In der letzten Woche haben wir uns mit dem Bürgerhaushalt beschäftigt. In einer echten Gütersloher "Elefantenrunde" der Ratsfraktionen (alle sieben Fraktionen waren da: SPD, CDU, Grüne, FDP, BfGT, UWG, Die Linke) stand die Frage auf dem politischen Speisezettel, was eigentlich unter dem Strich des Bürgerhaushaltes steht. Die jeweiligen Antworten darauf finden sich im vorausgehenden Blogeintrag - und natürlich auch auf der Seite der Bürgerinitiative "Demokratie wagen".

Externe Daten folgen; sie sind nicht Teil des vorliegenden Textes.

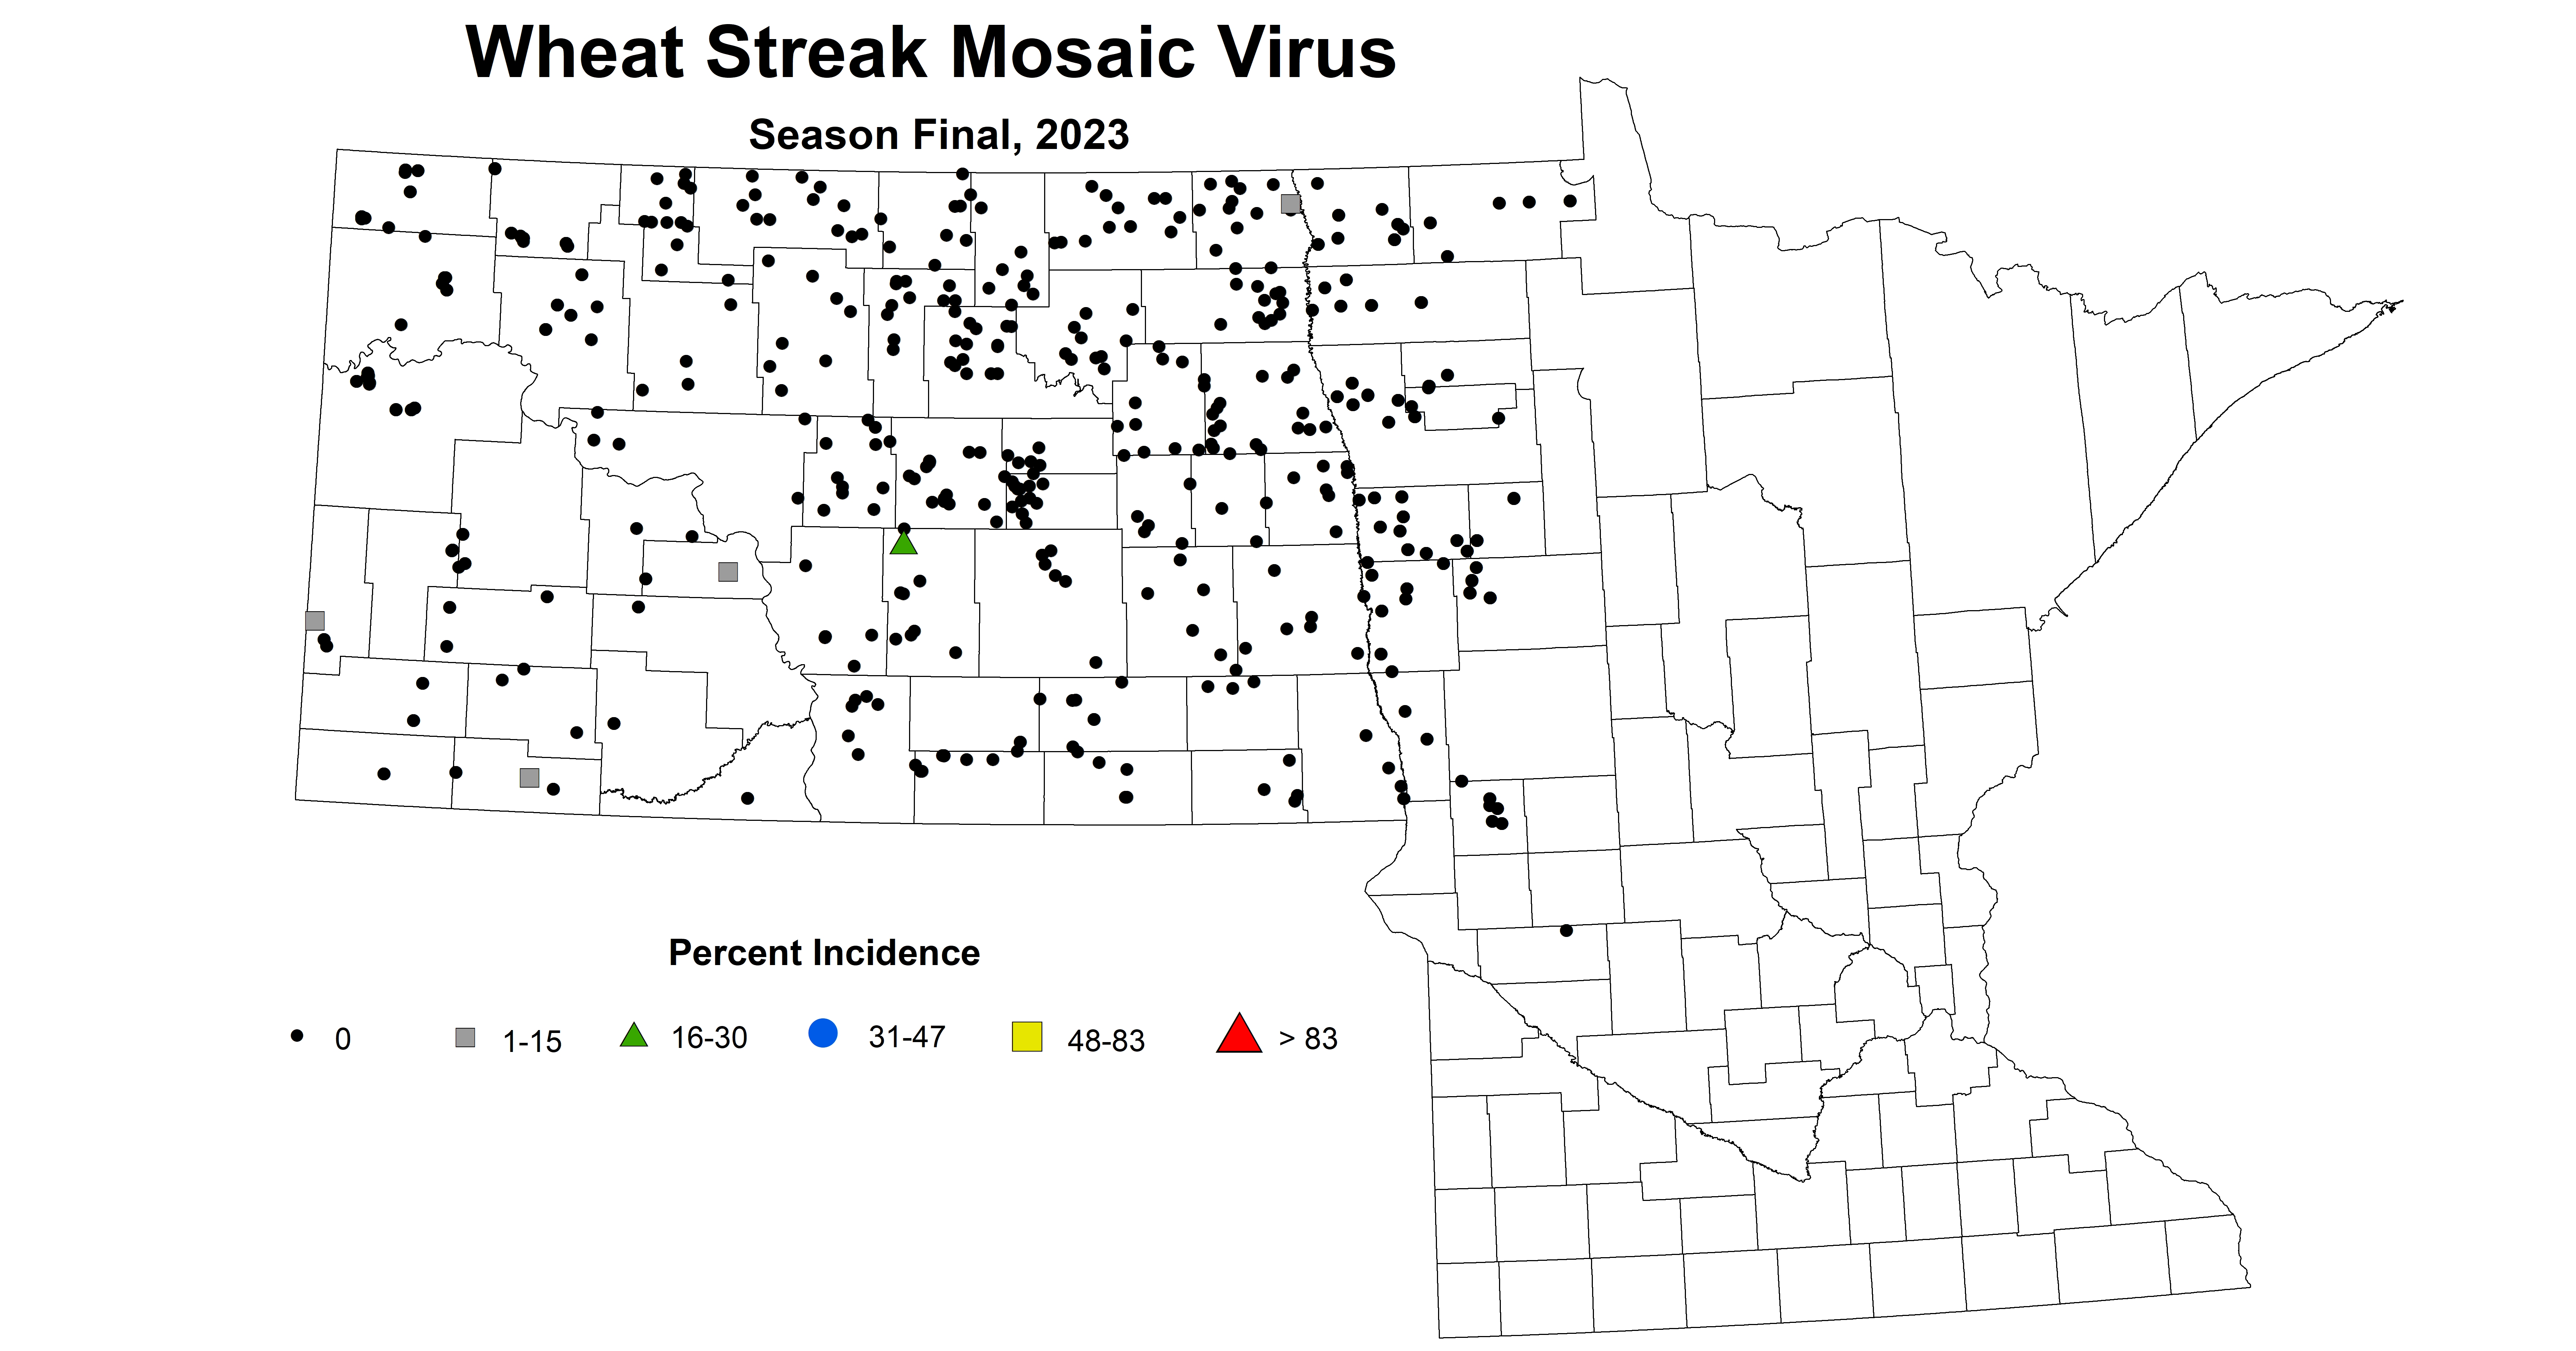 wheat streak mosaic virus season final 2023

Aber: Spannend wurde es nochmal am Ende der Veranstaltung. Da habe ich nämlich die Frage gestellt, was eigentlich an Bürgerbeteiligung vorgesehen ist, wenn der Bürgerhaushalt keine (!) zweite Chance bekommt, sondern aufgrund der "Mängel" wie etwa die Anonymität der Nutzer von den Kommunalpolitikern eingedampft wird.
Das Ergebnis erstaunt nicht: Wenig Neues, wenig Kreatives auf dem Gebiet. Politik und Bürgerschaft stehen sich in dieser Fragestellung wie auf zwei Fronten gegenüber. Die Einen fordern mehr Beteiligung (dazu gibt es immer wieder Studien, die dies belegen und zur Zeit hat der Protest auf der Straße auch Hochkonjunktur), die Anderen verweisen auf die Modelle, die schon ausreichend da seien. Reflexartig wird seitens der organisierten Politik darauf verwiesen, dass die Bürger sich auch dahin begeben müssen, wo Politik "gemacht wird", nämlich in den Fraktionen, in den Bürgersprechstunden, an den politischen Stammtischen, in den Ausschüssen, im Rat. Doch hierher verirrt sich "der Bürger" offensichtlich schon lange nicht mehr. Übrigens auch nicht auf unsere Veranstaltung, denn diese war sehr spärlich besucht.
Einige Ansätze wurden aufgezeigt. Die SPD erklärte, dass sie mit den Aktiven einer Stadt ins Gespräch komme, sich da einbringe, wo Netzwerke entstehen, wo Anliegen formuliert werden und die Partei diese Impulse dann in die Ortspolitik übertrage. Eine weitere Möglichkeit sei die Nutzung der Ratsbürgerentscheide, wie sie die neue Gemeindeordnung NRW vorsieht. Die BfGT verwies auf die erfolgreichen Bürgerbegehren, die sie angestoßen und umgesetzt hat. (Siehe Theater Gütersloh). Auch die CDU sah die Notwendigkeit, stärker mit den Bürgern ins Gespräch zu kommen, die Bürgerschaft durch Gespräche abzuholen, die Anliegen in den Wahlbezirken zu erfagen und ernstzunehmen.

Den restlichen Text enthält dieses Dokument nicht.